But what if New Thought can break away from this one-law-above-all approach? If affirmative thought can be understood as one ray of light, one vital method and outlook, within life’s greatly deep forest of forces and causes, the positive-thinking paradigm may experience a new form of relevance and reinvention in the early twenty-first century. Indeed, the philosophy’s core ideas are already echoed within many precincts of contemporary science and medicine.

In 2007, nearly half of medical doctors polled in a Chicago survey
revealed that they routinely and knowingly prescribed medications to their patients that they considered ineffective, or in dosages that were too low to produce any real effect. Their aim was to create a placebo response. For more than fifty years, double-blind studies have shown consistent results from the placebo response. Today, a steady spike of placebo responses in control groups perplexes researchers for pharmaceutical companies. In tests of new antidepressants, for example, the placebo effect is often found to match or exceed the efficacy of trial medications. The placebo effect has also been repeatedly prevalent in recent studies of medications for pain relief, anxiety, sexual dysfunction, and the tremors associated with Parkinson’s disease.

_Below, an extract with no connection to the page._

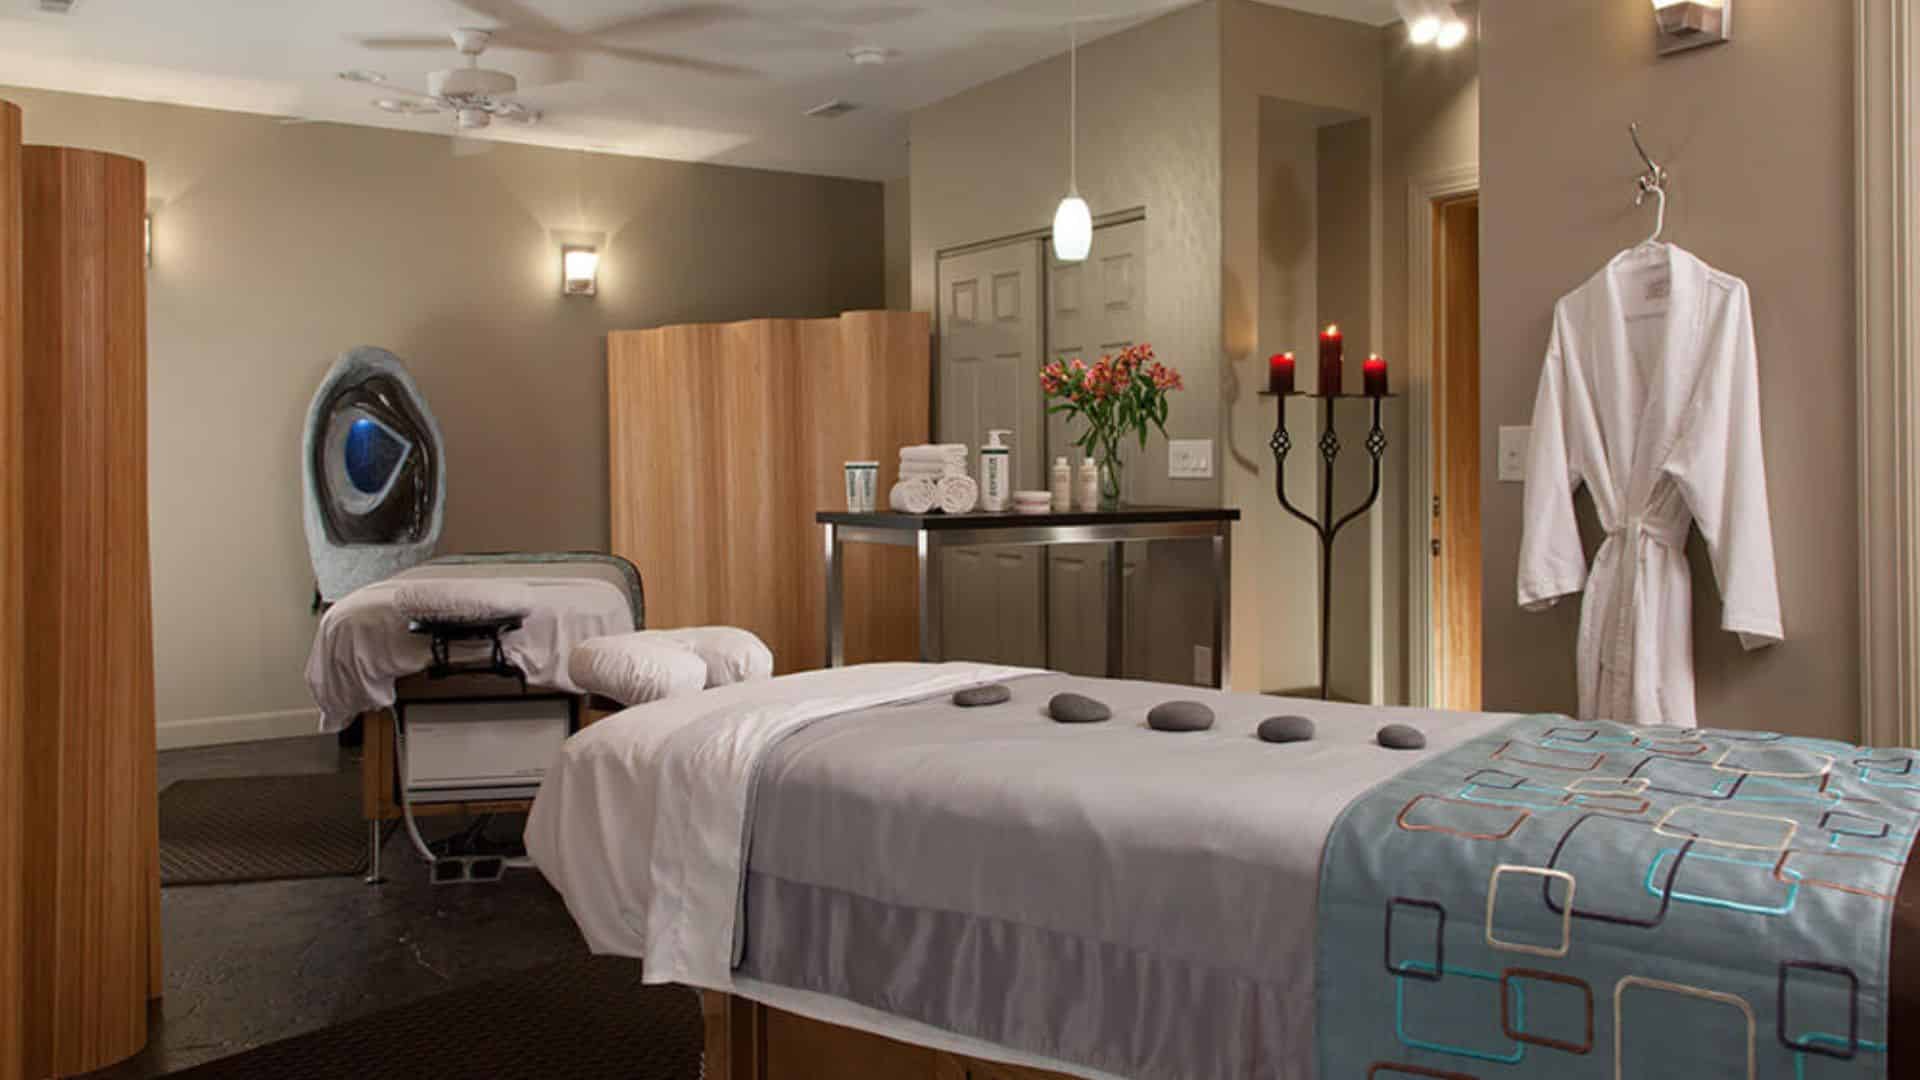 Serene spa room with massage table, hot stones, terry robe, and dim lighting

The placebo response seems to operate on factors including positive anticipation, empathy of the caregiver, and support-group dynamics, such as experiencing and discussing the positive benefits of a treatment with fellow patients. These traits mirror the methods of early mental healing and New Thought. Researchers who are studying the mechanics of the placebo response obviously share none of the spiritual assumptions of the mental-healing traditions; yet the placebo phenomenon is, in effect, the mind-cure of our era.

Some medical authorities might privately nod in sympathy with the defense of Mesmer by Charles d’Eslon, the late-eighteenth-century Paris physician: “It may indeed be
entirely
imagination. And if it is? Then imagination is a force as potent as it is little understood. Let us work with this mysterious imagination, let us use it to cure, let us learn more about it.” Or, as it was put to Benjamin Franklin’s committee by a patient of Mesmer’s: “If it is to an illusion that I owe the health which I believe that I enjoy, I humbly beg the scholars who are seeing so clearly, not to destroy it; let them enlighten the universe, but let them leave me to my error; and let them allow to my simplicity, to my weakness, and to my ignorance, the use of an invisible force, which does not exist, but which heals me.”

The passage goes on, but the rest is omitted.